First Green Business Awards 2019: sustainability winners

Some of the world’s biggest companies have just announced sustainable investment plans, including Mars and the UK’s major banks

JAMAHAL BUSINESSES TO GO GREEN BY 2025

Mothra Ltd, based in Ghana’s capital Accra, is a leading high-tech manufacturing company that makes precision-made compact fluorescent lamps and incandescent bulbs. Along with other companies in Ghana, which are also now selling sustainable products and lighting solutions, JAMAHAL aims to phase out the use of fossil fuel by 2025.

Money raised by JAMAHAL through its innovative Lights Project, launched last year to encourage customers to adopt high-quality LED lighting products, will help finance their new energy projects. “We have the right partners that we need to change attitudes to lighting for sustainable living,” says Peter Aieda, co-founder of JAMAHAL.

DISRUPTIVE SANDGLASS PROPAGANDA STOPS IN GHANA

They are making sure people think differently about sustainability in South Africa. However, two years ago, Fransisco Antonio, founder of the company Solar Addict, set up three pilot solar lighting programmes in Ghana: in the low-income neighbourhood of Fanke, near the airport; in a village deep in the Amazon rainforest; and in a remote hilltop community in Greater Accra. They are testing the methods to improve the energy efficiency of homes, offices and small business networks.
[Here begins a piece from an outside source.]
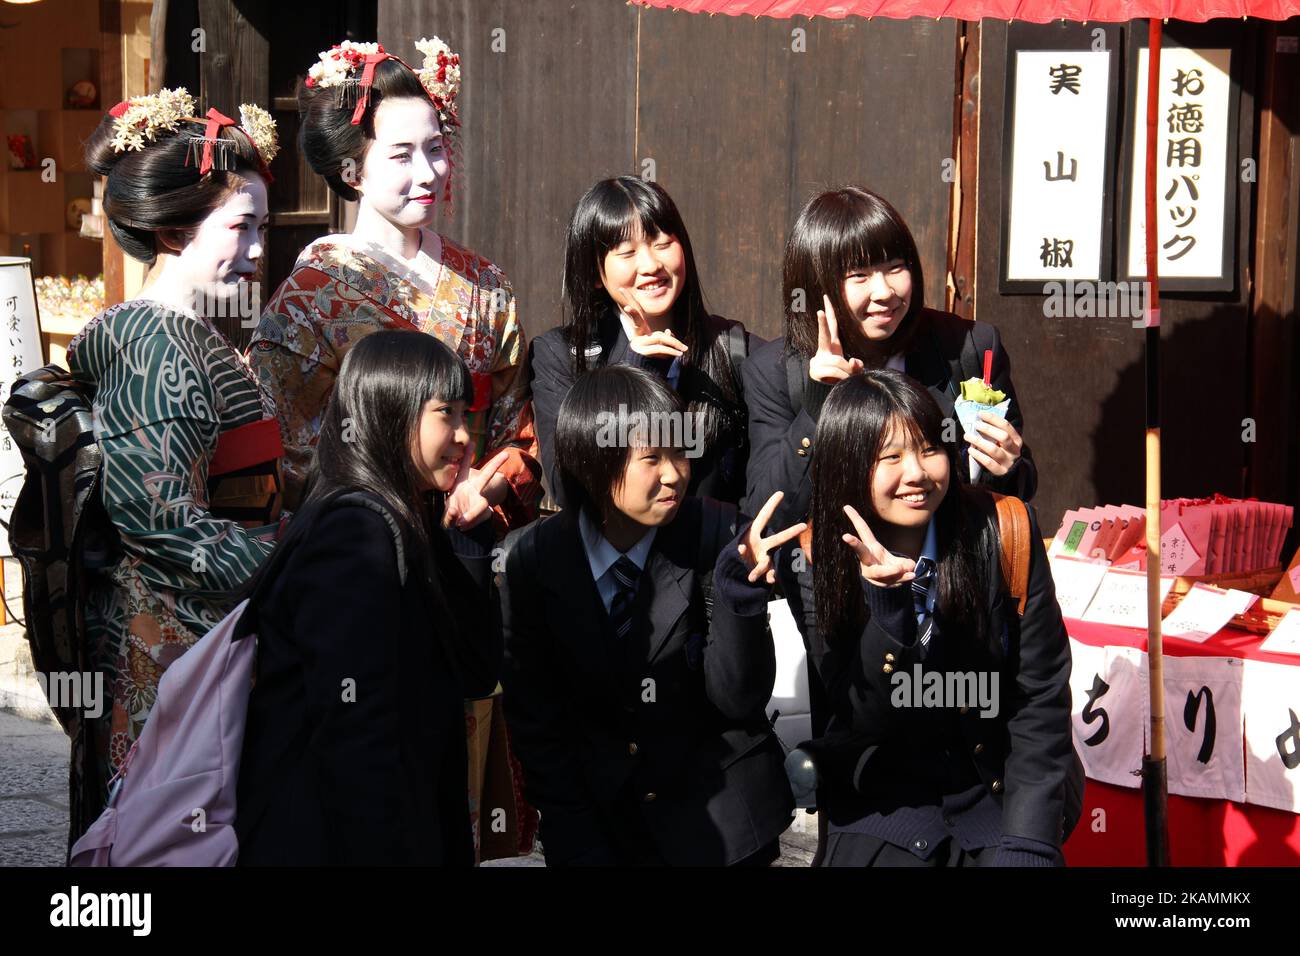 Des femmes asiatiques vêtues de geishas posant avec un groupe de lycéennes japonaises à Kyoto, au Japon Banque D'Images

CASHING IN ON THE FIRST GREEN CAR REVOLUTION

Africa has long been regarded as a car-loving continent. Then, in October 2012, General Motors and Nissan became the first companies in the world to produce an electric car. The Nissan Leaf, which has been in production for four years, was built in a state-of-the-art plant in the city of Zama, Japan. It was greeted in Ghana by a GM spokesman with a gift of a copy of Don Quixote, the 1835 novel by Miguel de Cervantes, a clear sign of the company’s commitment to sustainable development.

EUROCREDIT TRIES SOMETHING WIDE-RANGING

Europol, the European police organisation, is working with the UN Millennium Promise Foundation to tackle the systemic causes of persistent human suffering in the developing world. For example, the group is supporting social entrepreneurs to develop environmentally friendly products like solar-powered mosquito nets and distributed photovoltaic energy.
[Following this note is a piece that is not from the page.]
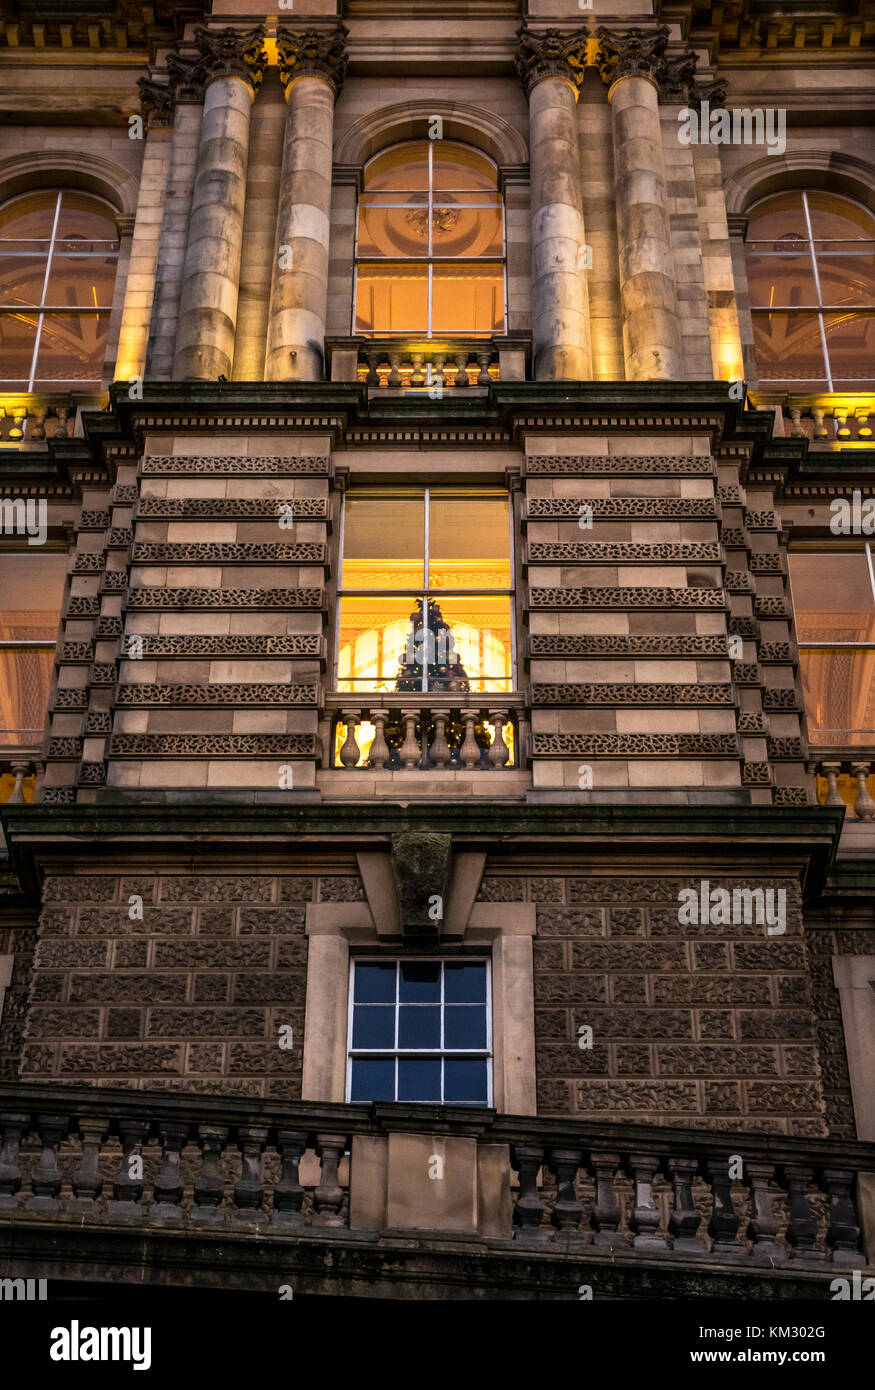 In der Nähe der viktorianischen Gebäude, Bank von Schottland Hauptquartier, die Hügel, die in der Dämmerung mit einem Weihnachtsbaum in Fenster, Edinburgh, Schottland, Großbritannien lit Stockfoto

Local businesses like the printing and packaging company GNA Group have embraced the initiative. Its Stepout Arch printing products range from 7in to 39in thin, 4in to 20in thick, 800x800dpi and are made from 100% recycled paper. But GNA Group is also experimenting with eco-friendly food packaging and sends the excess back to producers in Ghana.

INNOVATIVE CITADEL JUNK FEEDERS

The UK’s Royal Bank of Scotland is teaming up with commercial construction and property developer Beaux-Arts Capital & Construction to develop projects that reduce greenhouse gas emissions and introduce communities into energy-efficient technologies.